MANILA: The Philippines yesterday announced plans to spend more on infrastructure and introduce other reforms to try to lift millions out of poverty.
The revised Philippine Development Plan sets more ambitious economic targets to address persistent concerns that poor Filipinos are not enjoying the benefits of the country’s dramatic economic growth.
Among the new targets is the lowering of the poverty incidence from 25.2 percent of the population in 2012 to 16.6 percent by 2016, economic officials said.
“It does not mean that we can do nothing but wait until the benefits of economic expansion ‘trickle down’ to the poor,” Socio-economic Planning Secretary Arsenio Balisacan said in an introduction to the revised plan.
Despite economic growth of more than seven percent in recent years — among the highest rates in Asia — unemployment has remained high while the rate of poverty has barely fallen.
“Simply stated, the gains have yet to materialise into actual, tangible improvements in the lives of the majority of the people,” the report said.
Under the revised plan, the economy is expected to grow by 7.5 to 8.5 percent annually by 2016 compared to the original target of 7.6 percent set in 2010 when President Benigno Aquino took office.
Chief among the poverty-fighting measures is an increase in infrastructure spending to five percent of gross domestic product by 2016, compared to the 2013 level of less than three percent.

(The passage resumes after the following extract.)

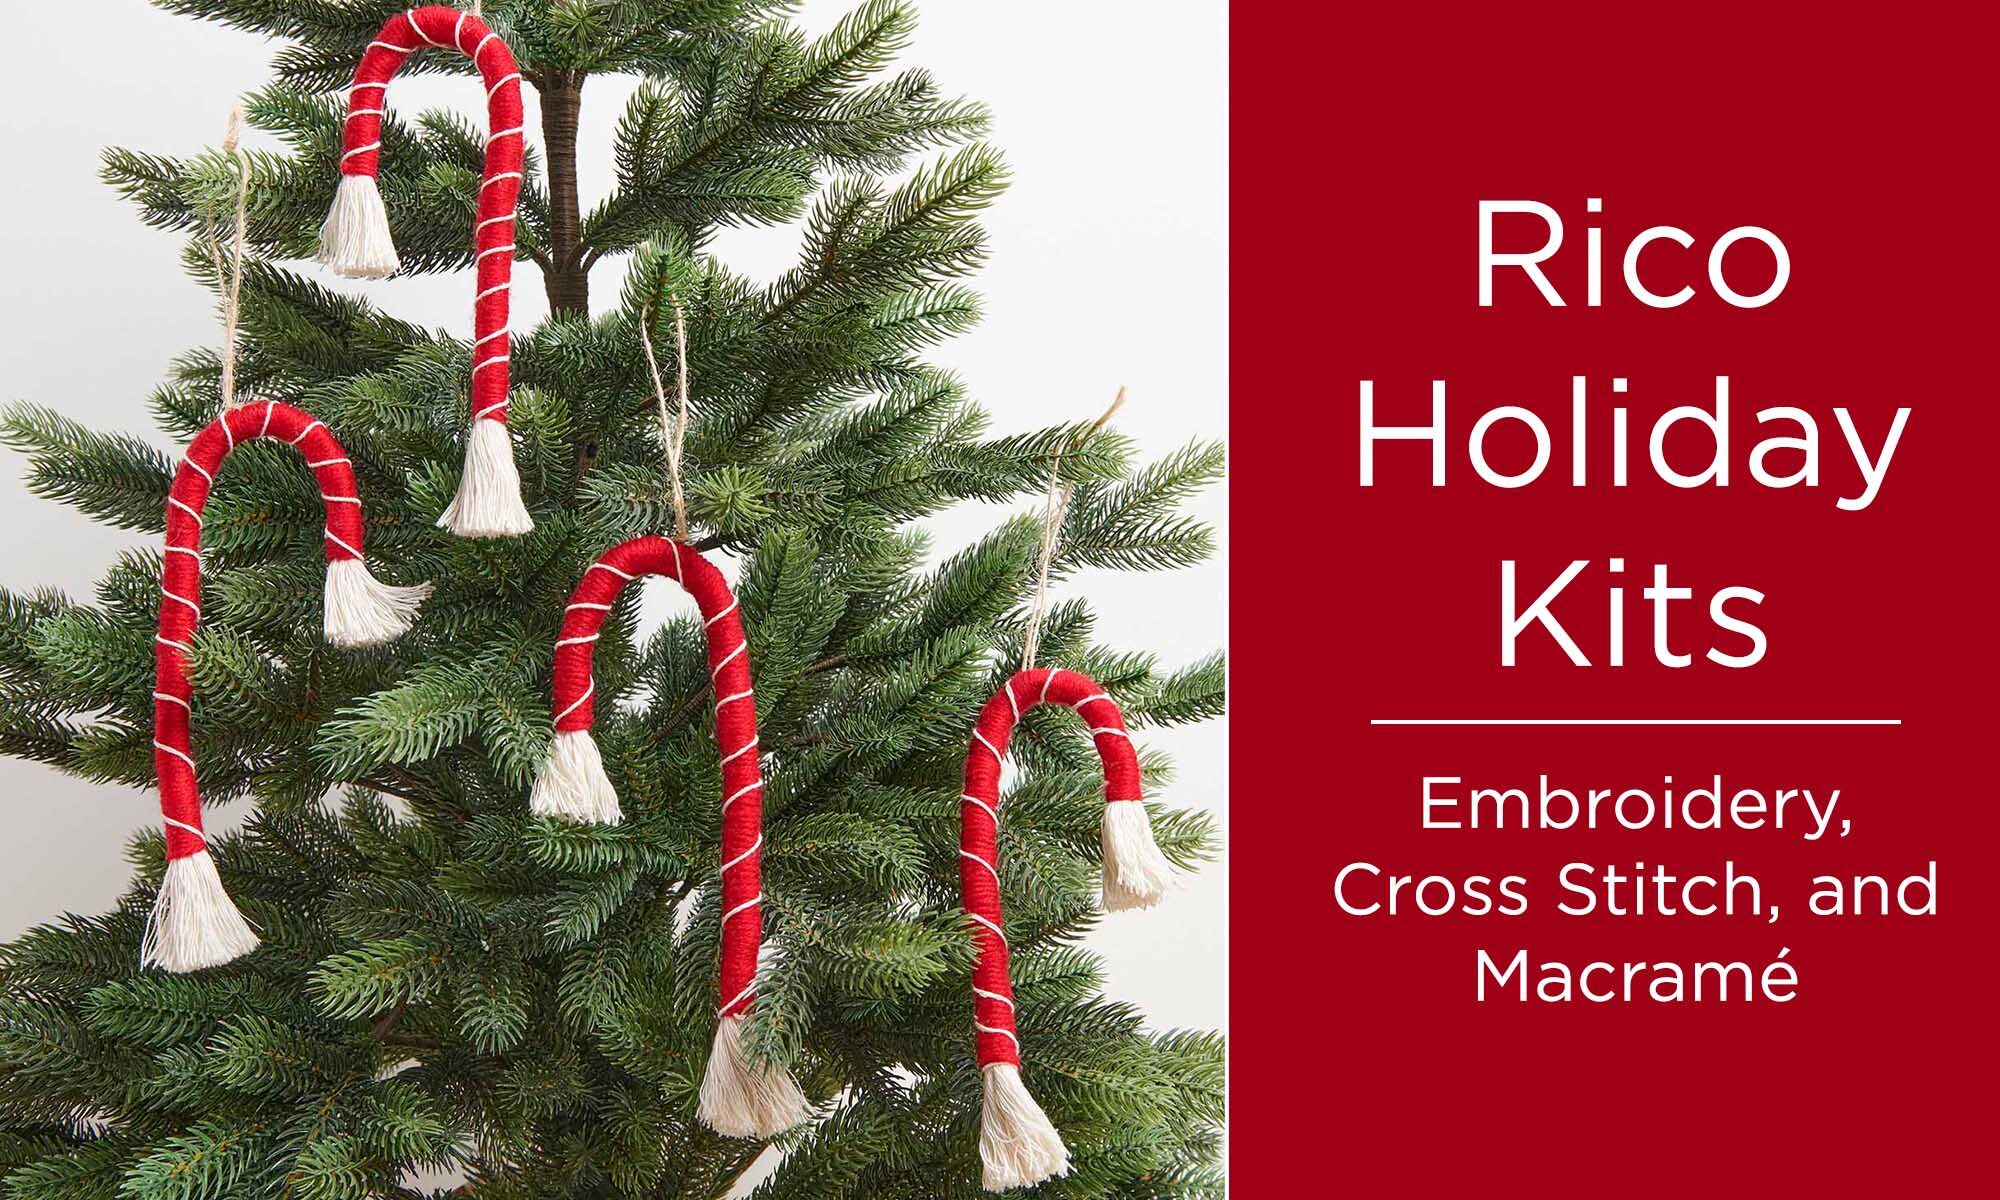 An image of a Christmas Tree with macramé candy canes is shown with a rad banner and text that reads "Rico Holiday Kits: Embroidery, Cross Stitch, and Macramé."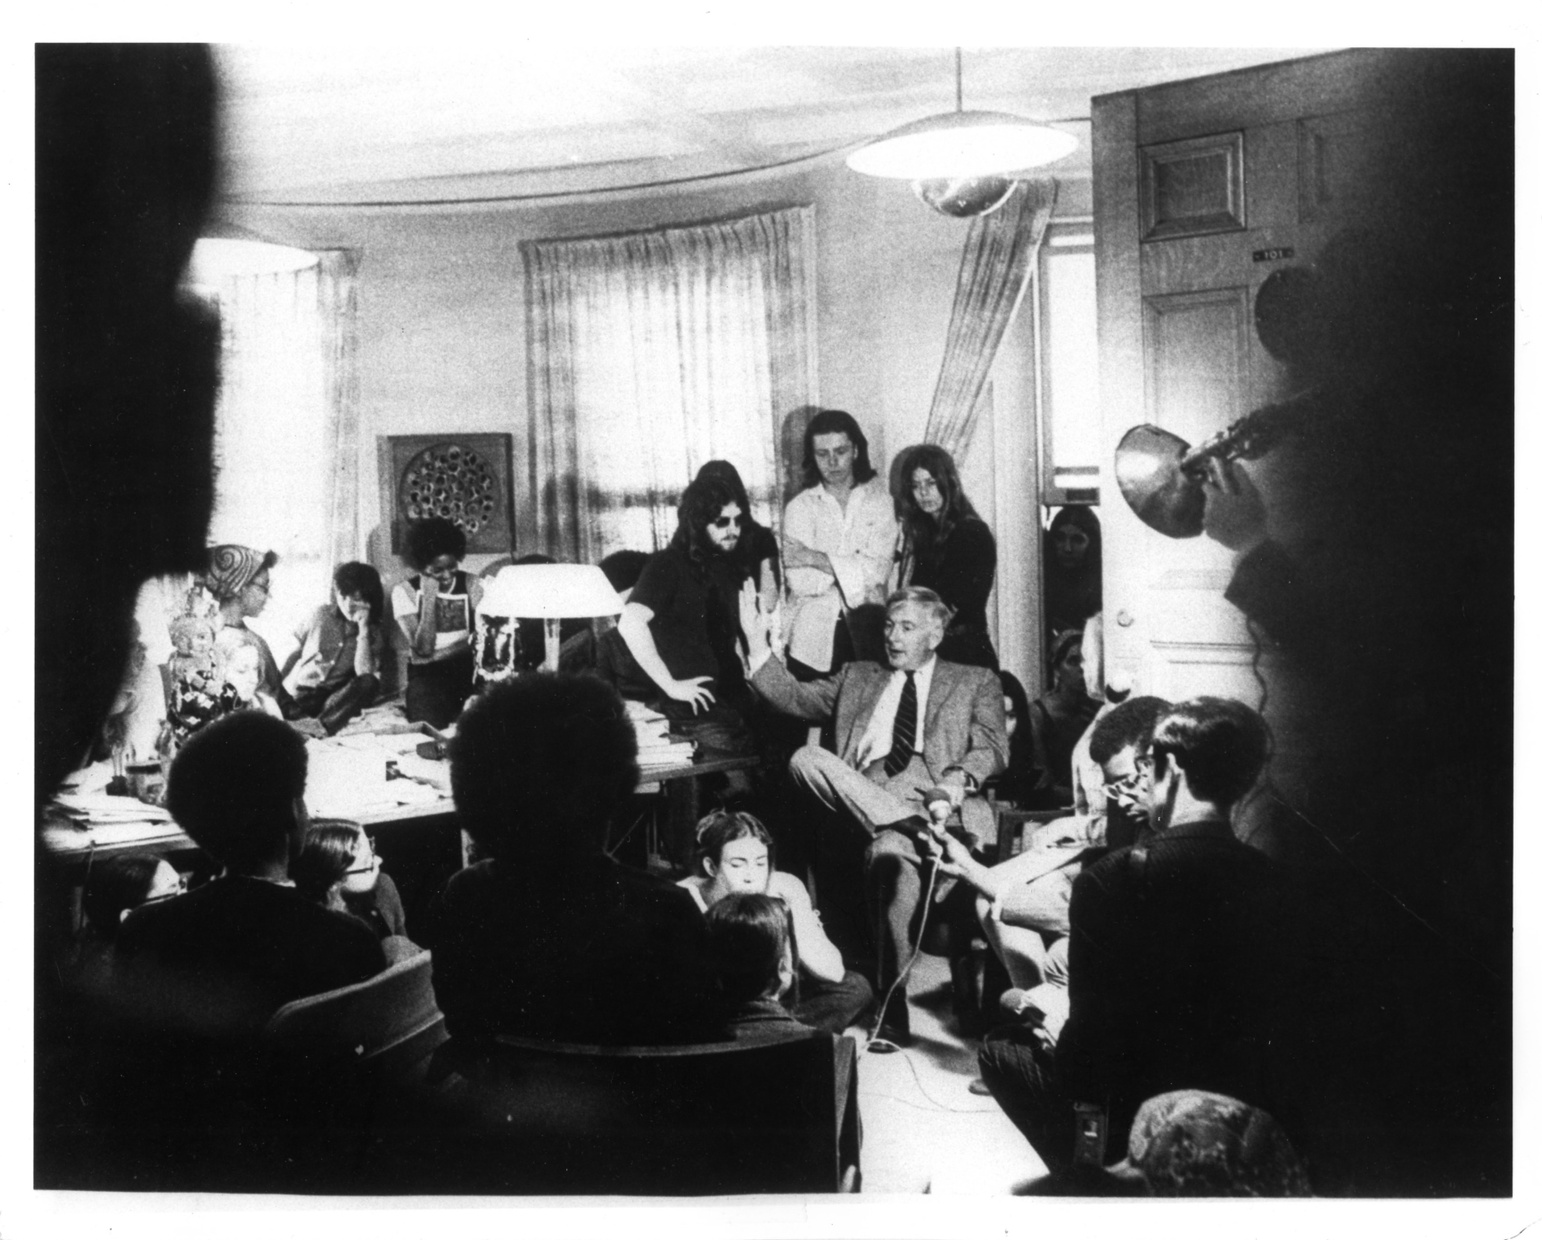 A black and white image of a group of light-skinned and dark-skinned young people in a room standing around an older light-skinned man seated in a chair with his right hand raised in oratory gesture.

This will include reconstruction efforts after Super Typhoon Haiyan and a killer earthquake left thousands dead and devastated large areas in the central Philippines last year, said Emmanuel Esguerra, deputy director of the National Economic Development Authority.
These reforms in turn will improve connections between urban centres where growth has been concentrated and the poverty-stricken rural areas where the majority of the country’s 100 million people live, the plan said.